Chiara PoV.
Besorgt betrachte ich Hailey. Vor gut 3 Minuten ist sie auf meinem Schoß eingeschlafen. Das gibt mir Zeit über diese verzwickte Situation nachzudenken. Ich muss so schnell wie möglich versuchen Amber da rauszuholen. Das Problem ist, ich habe nicht die leiseste Ahnung, wo sie sich gerade aufhält. Was ich aber weiß ist, dass es schnell gehen muss. Sie ist gerade erst von der Reha gekommen. Wer weiß, was sie dort mit ihr machen?

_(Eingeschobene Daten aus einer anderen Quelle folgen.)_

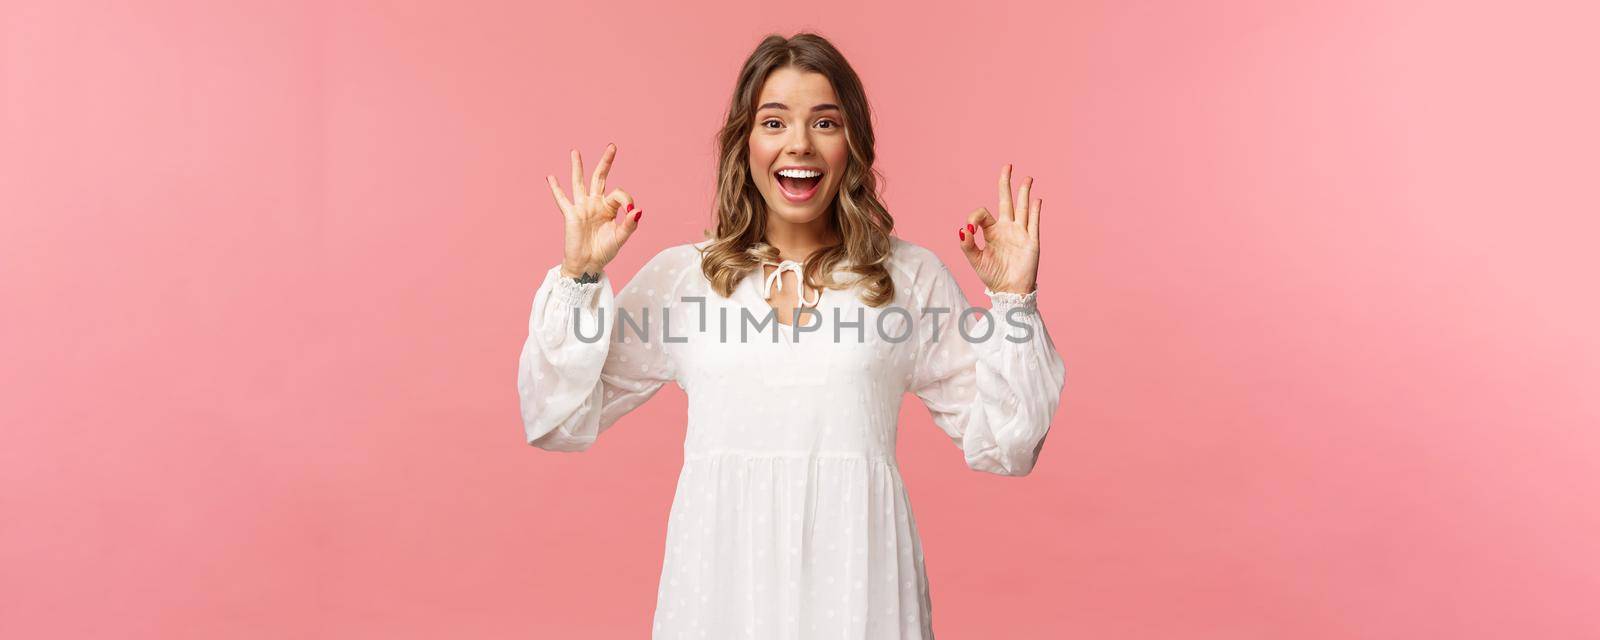 Portrait of happy and pleased good-looking blond woman in white dress, recommend great product, leave positive review, show okay signs and smiling satisfied, standing pink background.
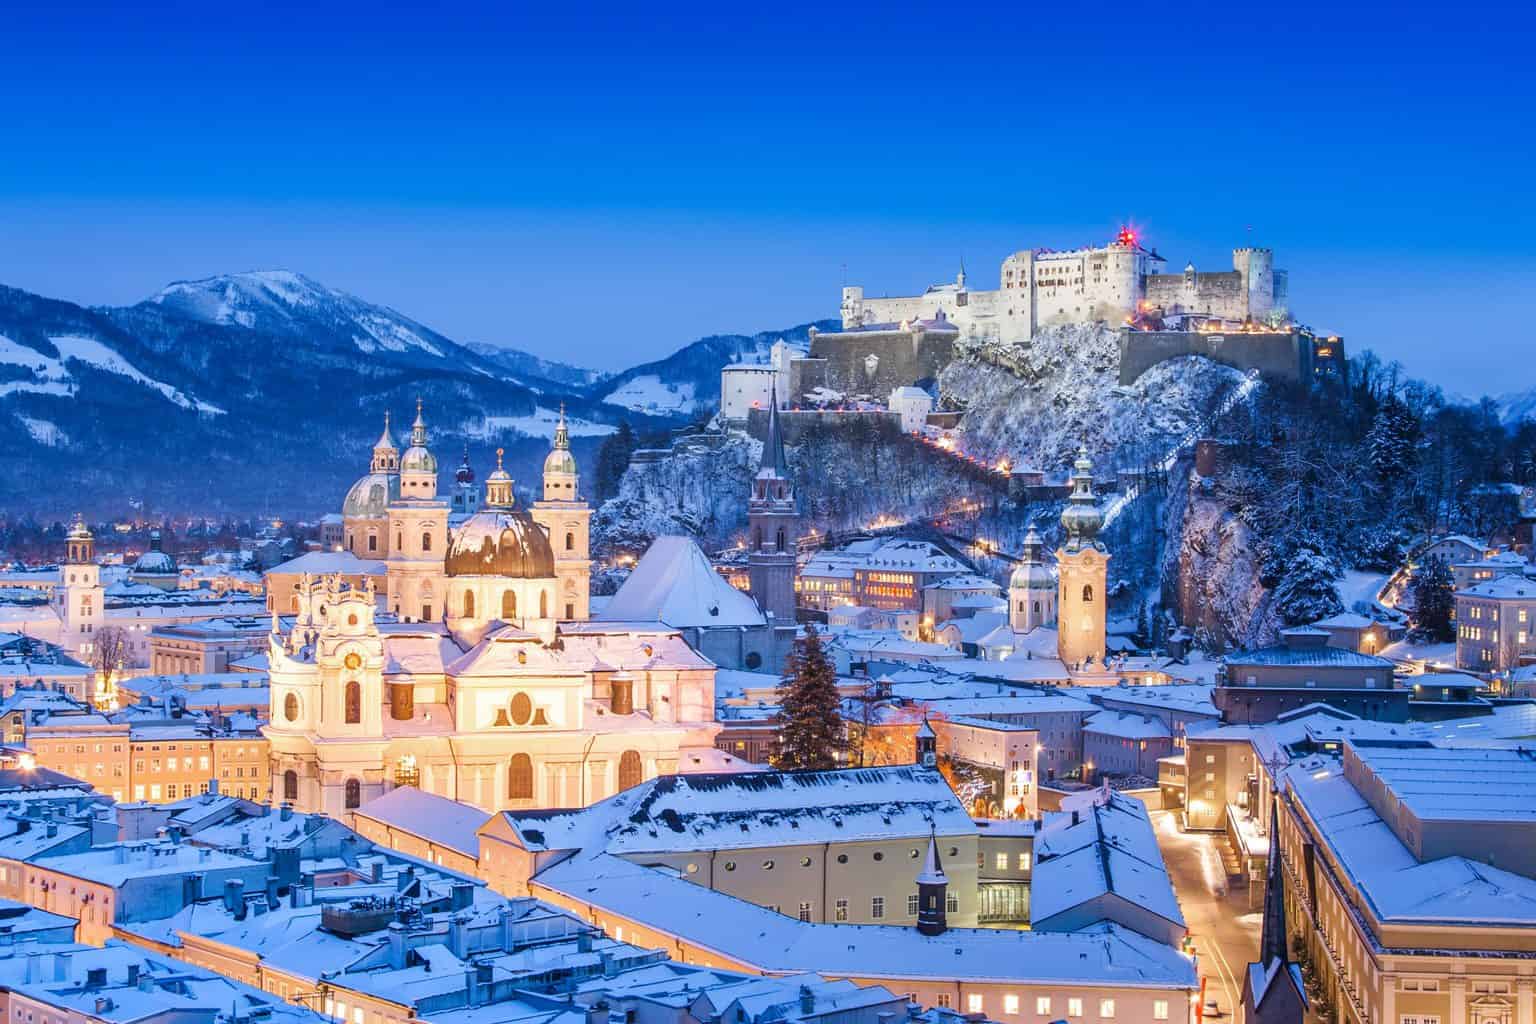 The historic city of Salzburg, Austria under a beautiful blanket of snow. You can easily see why it is one of the best European Christmas destinations.

Und sie werden garantiert keine Rücksicht auf ihren Rücken nehmen.
„Wir müssen sie schnell finden, Ash?", spreche ich meine Gedanken aus. „Ich weiß. Aber das kann ein paar Tage oder sogar Wochen dauern.", erwidert er leise. „So lange haben wir aber keine Zeit.", schreie ich hysterisch. „Wieso?", fragt mein Bruder verständlicherweise. „Sie ist gerade erst, nach ihrem Unfall, aus der Reha wieder gekommen. Deshalb war ich die letzten beiden Monate so gut wie nie zuhause." erkläre ich ihm.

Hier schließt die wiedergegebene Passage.